US index futures are up 0.1% to 0.5% this morning, as stocks once again attempt to regain their footing and shrug off yesterday’s declines of 0.1% to 0.4% for the three main US indices. Moves by the US to improve transportation, with plans to run west coast ports 24/7 to ease bottlenecks and to reopen its land borders with Canada and Mexico to vaccinated travelers next month seem to have been well received by the street so far.

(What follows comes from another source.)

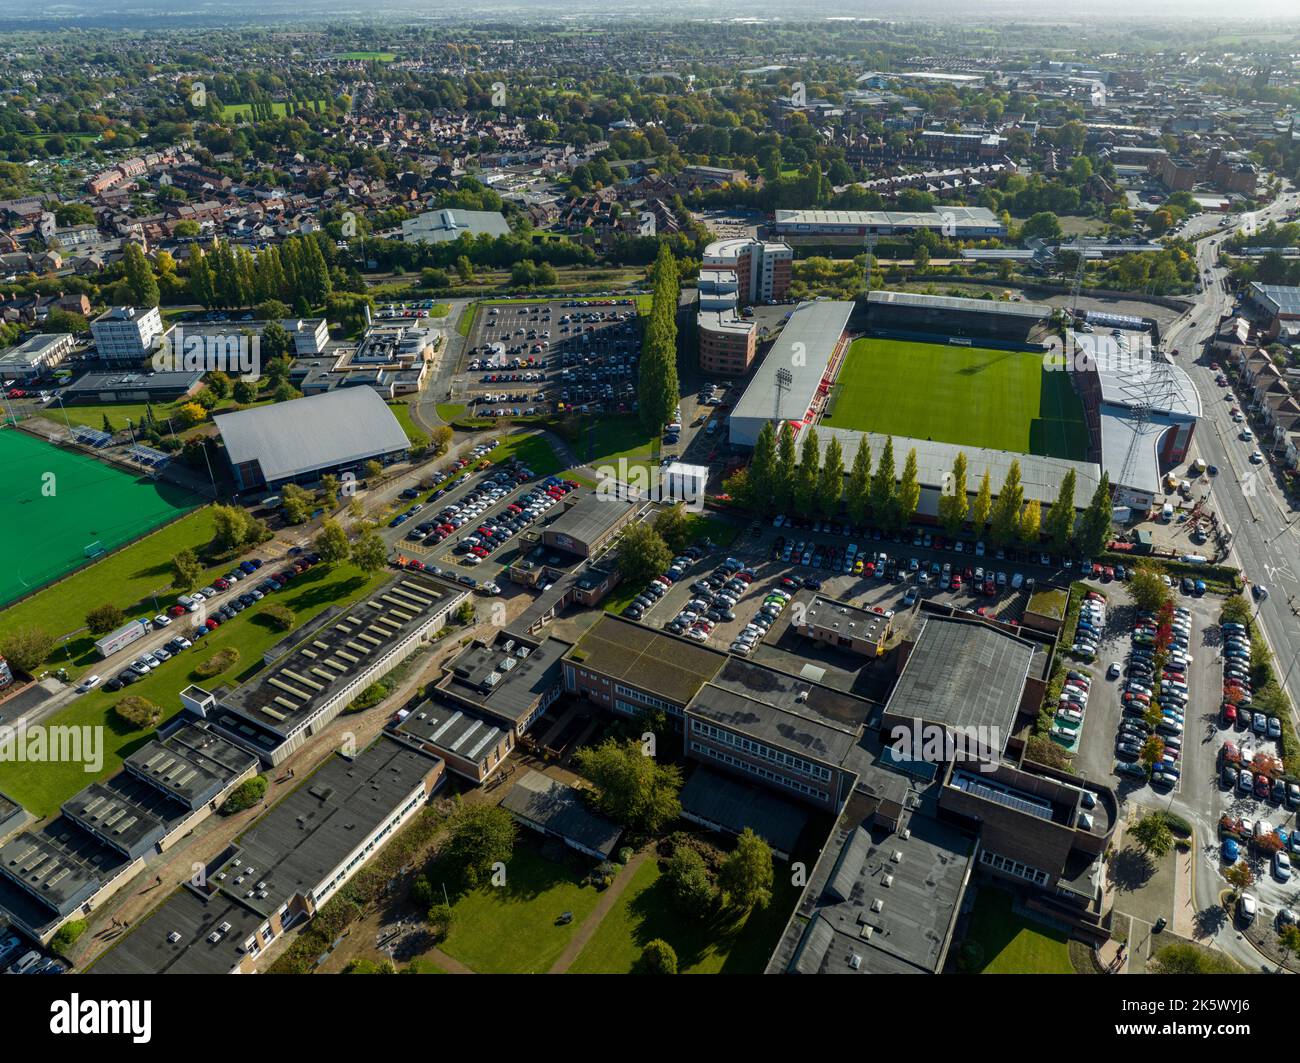 Willkommen im Wrexham Football Club, dem berühmten Pferderennbahn-Gelände des Deadpool-Stars Ryan Reynolds von der Air Aerial Drone Images, das Mcelhenney raubt Stockfoto

Earnings season has started in the US this morning with three better than expected reports from JPMorgan Chase ($3.74 vs street $3.00), BlackRock ($10.95 vs street $9.35) and Delta Air Lines ($0.30 vs street $0.17). Managements indicated that they were able to weather a number of challenges in the quarter including the COVID delta variant, supply chain disruptions and rising fuel costs.
JPMorgan and Blackrock are up slightly in premarket trading while Delta is down slightly, suggesting that positive results may have already been priced in by investors, while also suggesting that investors aren’t looking for a reason to run for the hills either. As earnings continue to roll out over the rest of this week and the rest of this month, we may get a better idea of where investor sentiment is at.
US index futures have turned downward in the last few minutes after investors found out that inflation pressures continue to grow with US consumer prices (5.4% vs street 5.3%) increasing slightly more than expected.
Overnight, China announced a larger than expected trade surplus ($66.7B vs street $47.6B), built on a combination of larger than expected export growth (28.1% vs street 21.5%) and smaller than expected import growth (17.6% vs street 19.2%).
Commodity action is mixed this morning with energy contracts like WTI crude oil and Natural Gas both falling 0.6% in what so far looks like normal trading corrections. Metals appear to be getting a boost from the China trade numbers, particularly copper which is up 2.0%.